The INRatio was used to test a patient’s prothrombin time (PT), or the time it takes for the patient’s blood to clot. The PT level determines the dosage of medication a patient needs to take to stay within a safe range. Too little of the medication, and a patient could suffer from a blood clot, too much and a patient could suffer from uncontrollable bleeding.
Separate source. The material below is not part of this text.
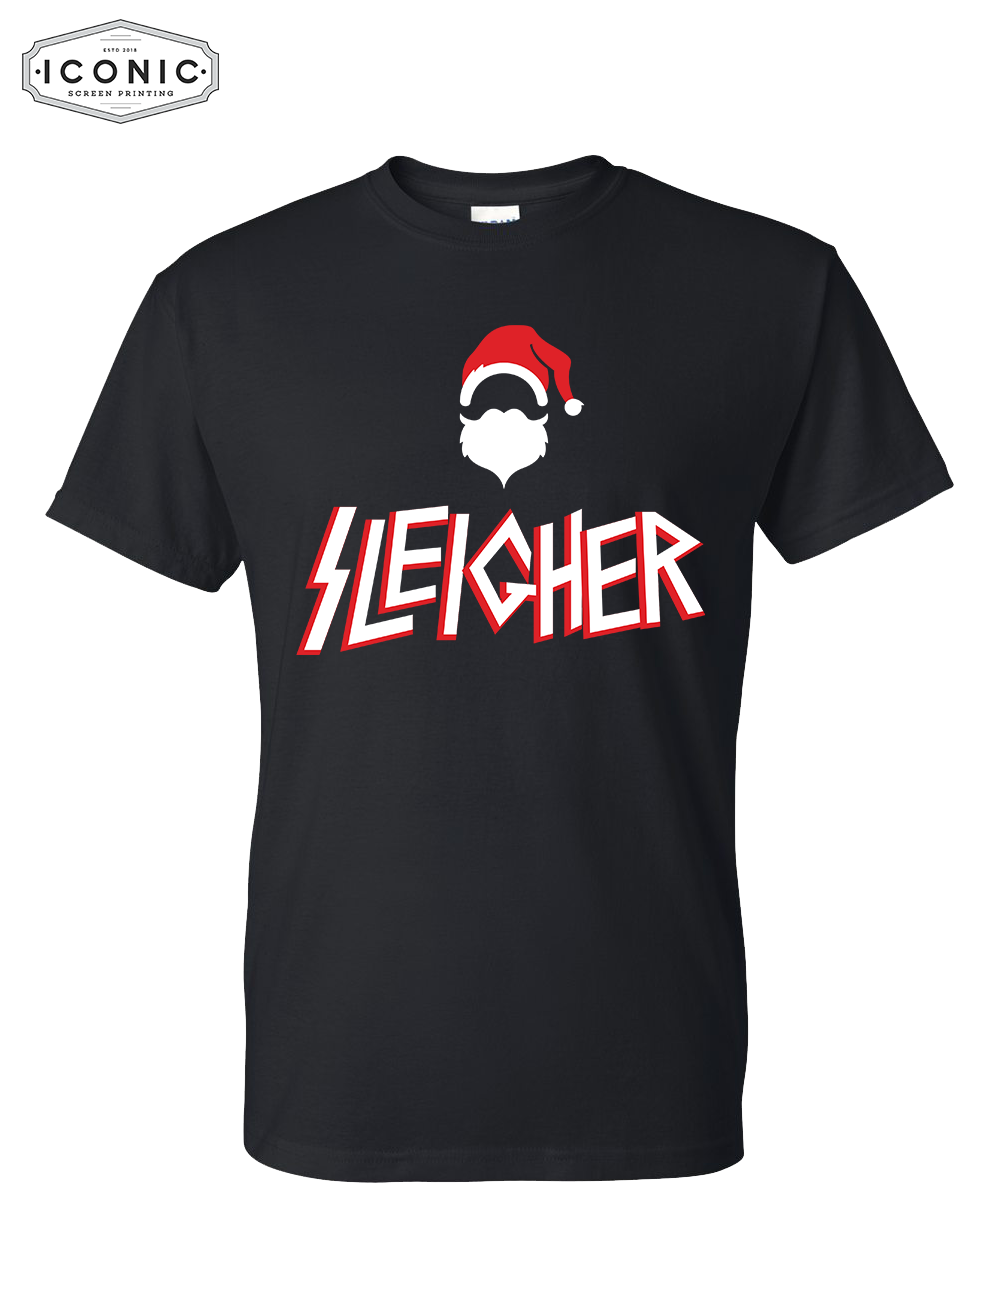 SLEIGHER - DryBlend T-shirt

The INRatio was recalled after it was determined the device was providing erroneous readings which could cause patients dangerous and life threatening complications. Plaintiffs in the defective medical device lawsuits claim they never received recall notices from Alere, and when they learned of the recall themselves, Alere refused to refund them the cost of the device.

Alere has struggled with the INRatio ever since the recall and problems really began to mount for the company when the FDA advised Alere to recall the second generation of its blood-monitoring device, the INRatio2, several weeks ago. While the company has been working on a software fix to correct the inaccurate readings, the FDA found the fix to be inadequate.

The initial recall of Alere’s blood-monitoring device had significant implications for plaintiffs in the Xarelto litigation. Xarelto is a new type of blood thinner that does not require the routine blood monitoring more traditional anticoagulants require. In the clinical trial that lead to Xarelto’s FDA approval, doctors used the INRatio to monitor patients’ PT levels. Plaintiffs now believe the faulty device compromised the trial data.